On June 5, the board introduced the bill to increase minimum wage in the city to $15 an hour by 2020. Sponsored by Alderman Shane Cohn, 25th Ward, the bill would set the minimum wage for employees who work 20 hours a week at $10 as soon as it would become law.

The minimum wage would be increased to $11.25 an hour in 2017, $12.50 an hour in 2018, $13.75 an hour in 2019 and $15 an hour in 2020. The wage increase would apply to all business in the city except those with revenues less than $500,0000 or 15 or fewer employees.

INDEFINITE HOLD

Alderman Joe Vaccaro, acting chairman of the city’s Ways and Means Committee, announced on June 26 that he was canceling all further hearings on raising the minimum wage, essentially putting the bill in limbo.

Vaccaro, of the 23rd Ward, became acting chair of the committee after Alderman Steve Conway, its regular chairman, stepped aside from the issue based on a conflict of interest. Conway is chief financial officer for Imo’s Pizza, a restaurant chain that would be affected.

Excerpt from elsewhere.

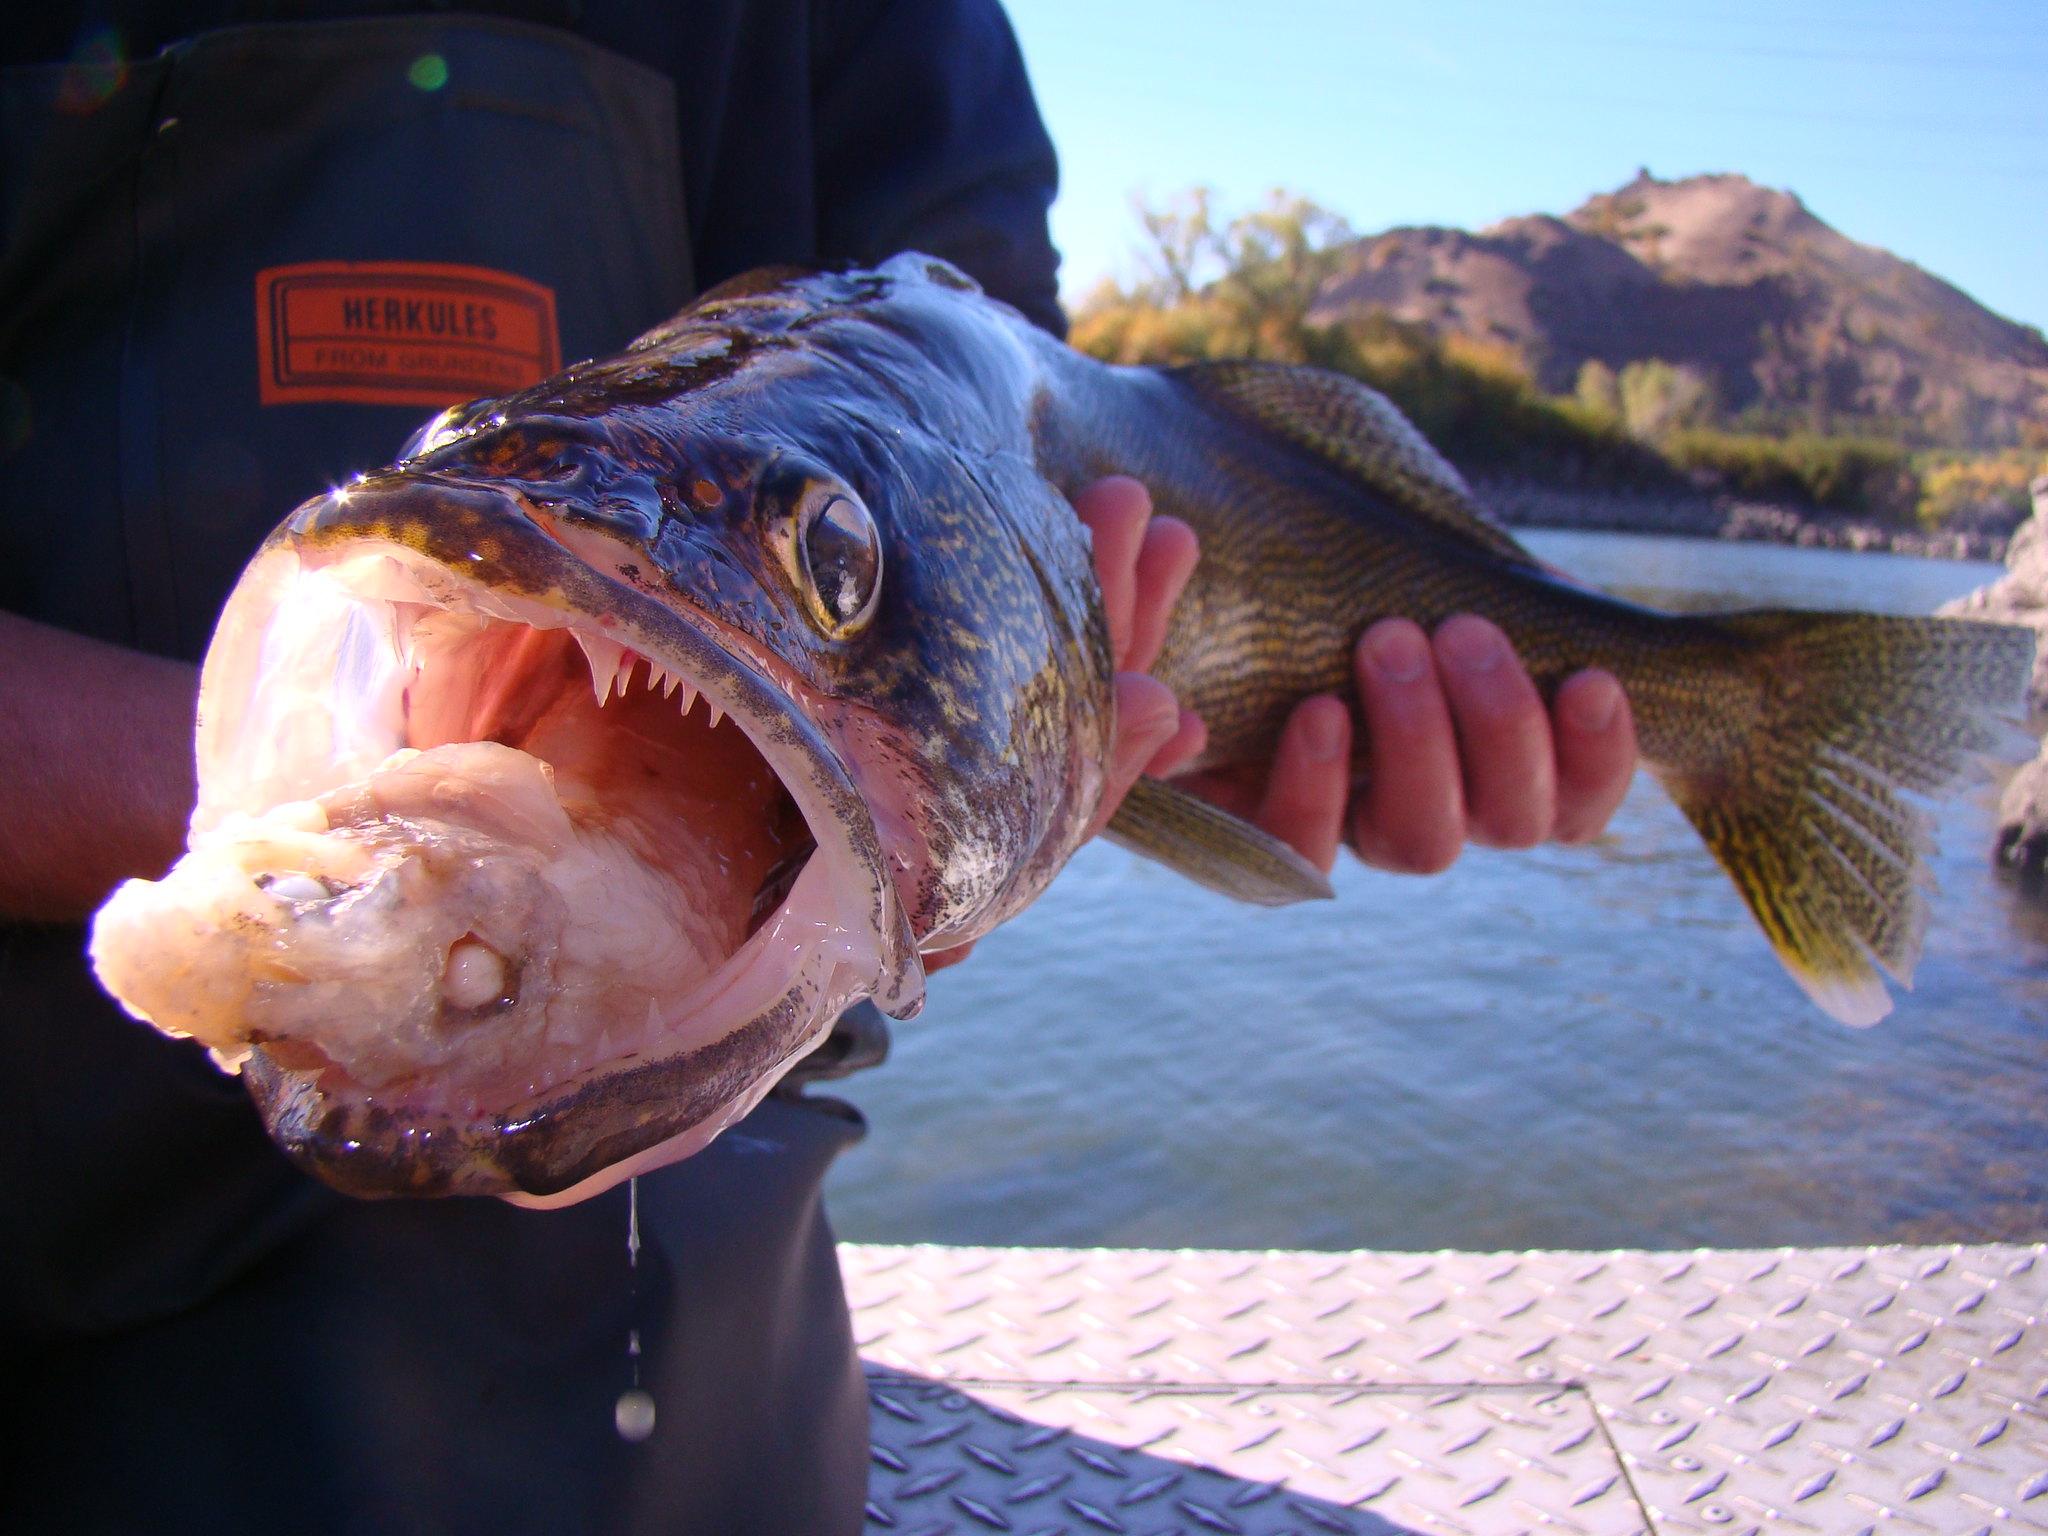 Columbia river walleye flickr photo sharing for Walleye fishing columbia river

Vaccaro said he has not been able to find the votes to pass a proposal that reached $15 an hour, even gradually. He added that the bill should have been introduced six months ago to allow for more discussion on the issue.

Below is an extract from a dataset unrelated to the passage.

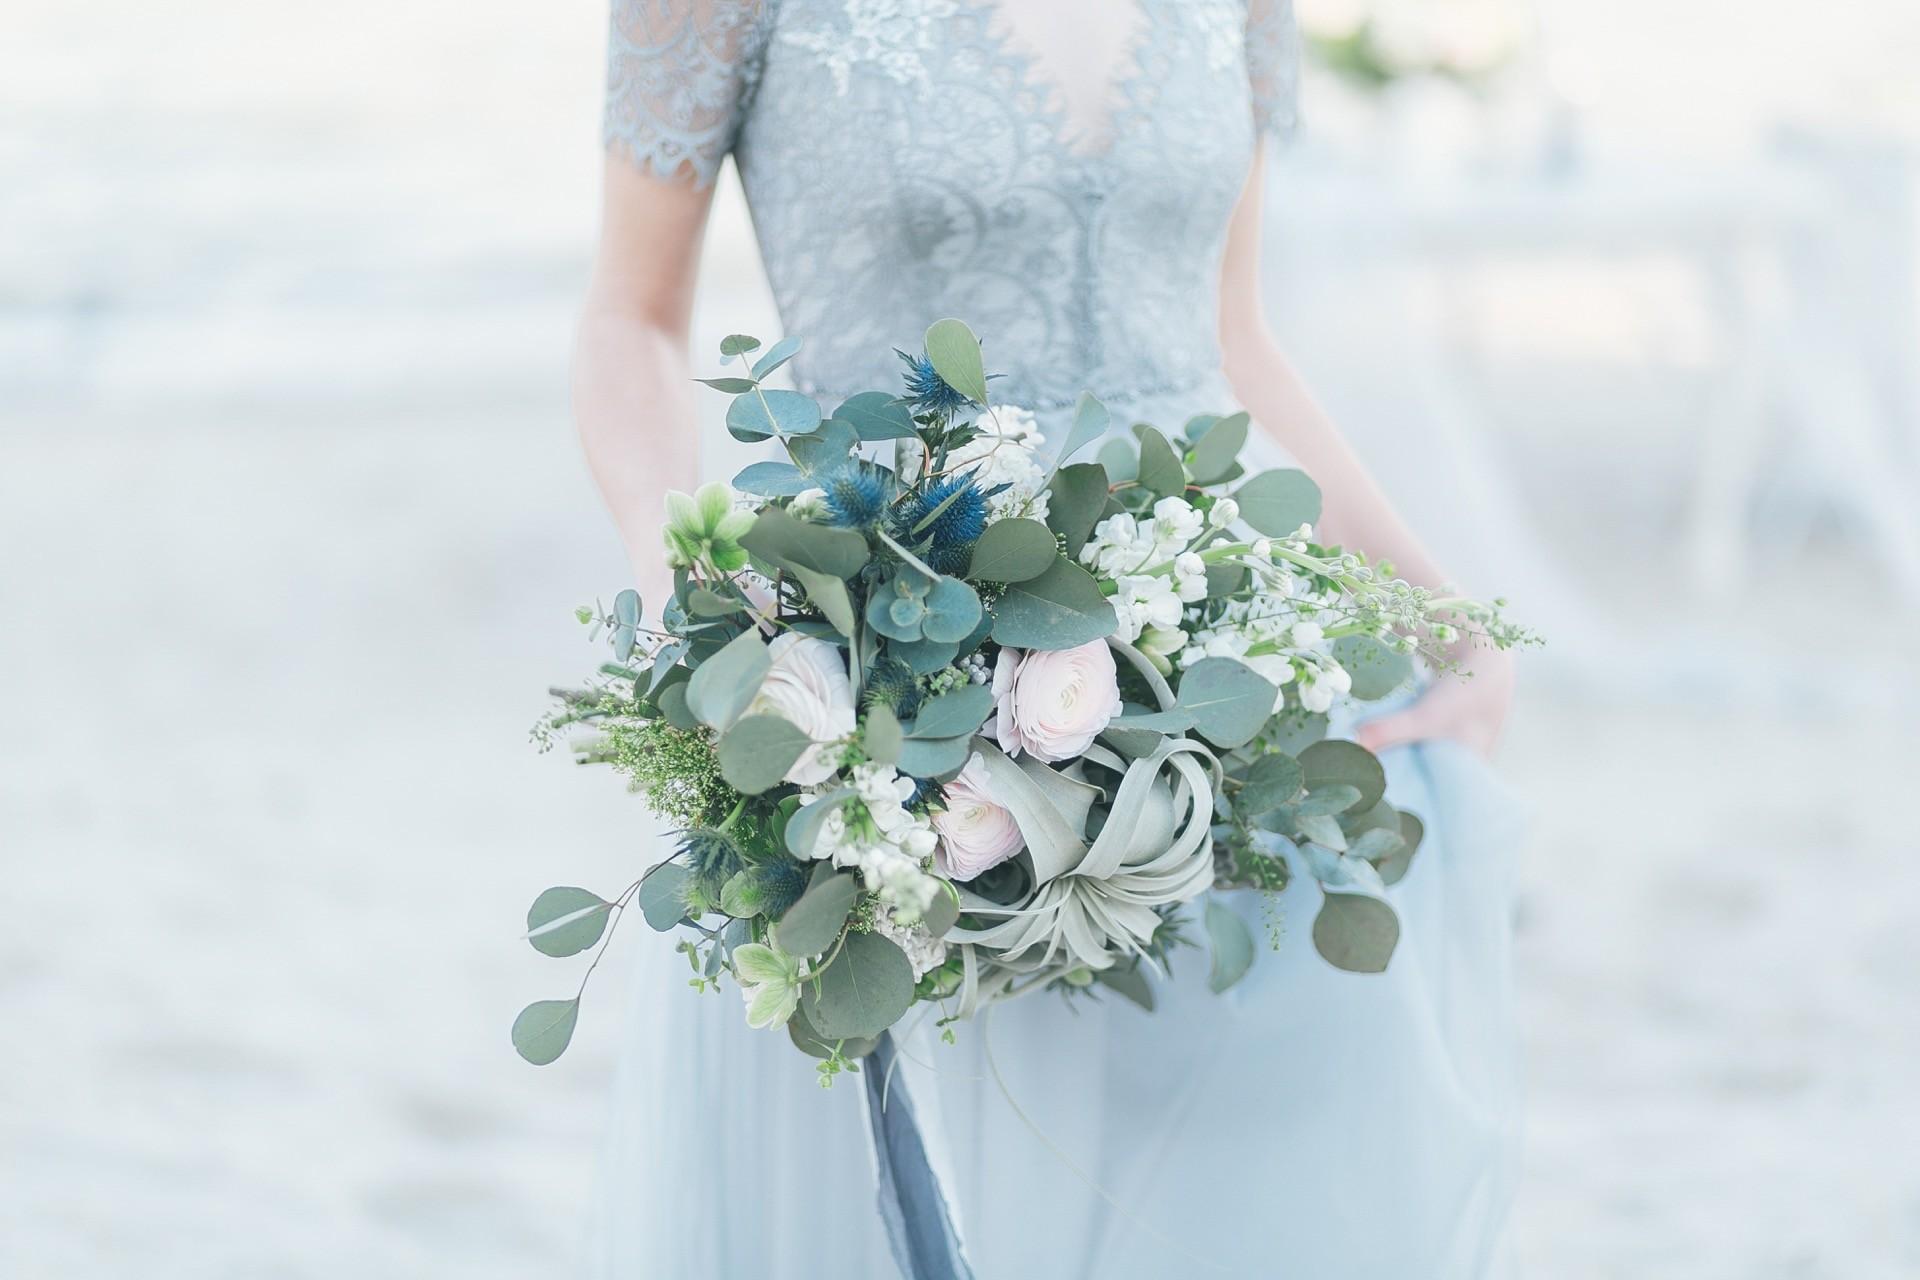 Hochzeitsblume Eukalyptus

He also called on Gov. Jay Nixon to veto recent legislation passed that prohibits cities from raising the minimum wage above the state level. The law would go into effect Aug. 28 if signed. (EDITOR'S NOTE: Gov. Nixon vetoed the legislation – HB 722 – July 10.)

SUBSTITUTE BILL

Cohn has introduced a substitute bill to soften his original proposal. Under the new plan, minimum wage in the city would increase to $15 an hour by 2024, and the initial increase upon passage of the bill would be $8.25 an hour instead of $10. It would then go up 75 cents a year until it reached $15. The new bill also expands exemptions, such as those for non-profit groups and home health care.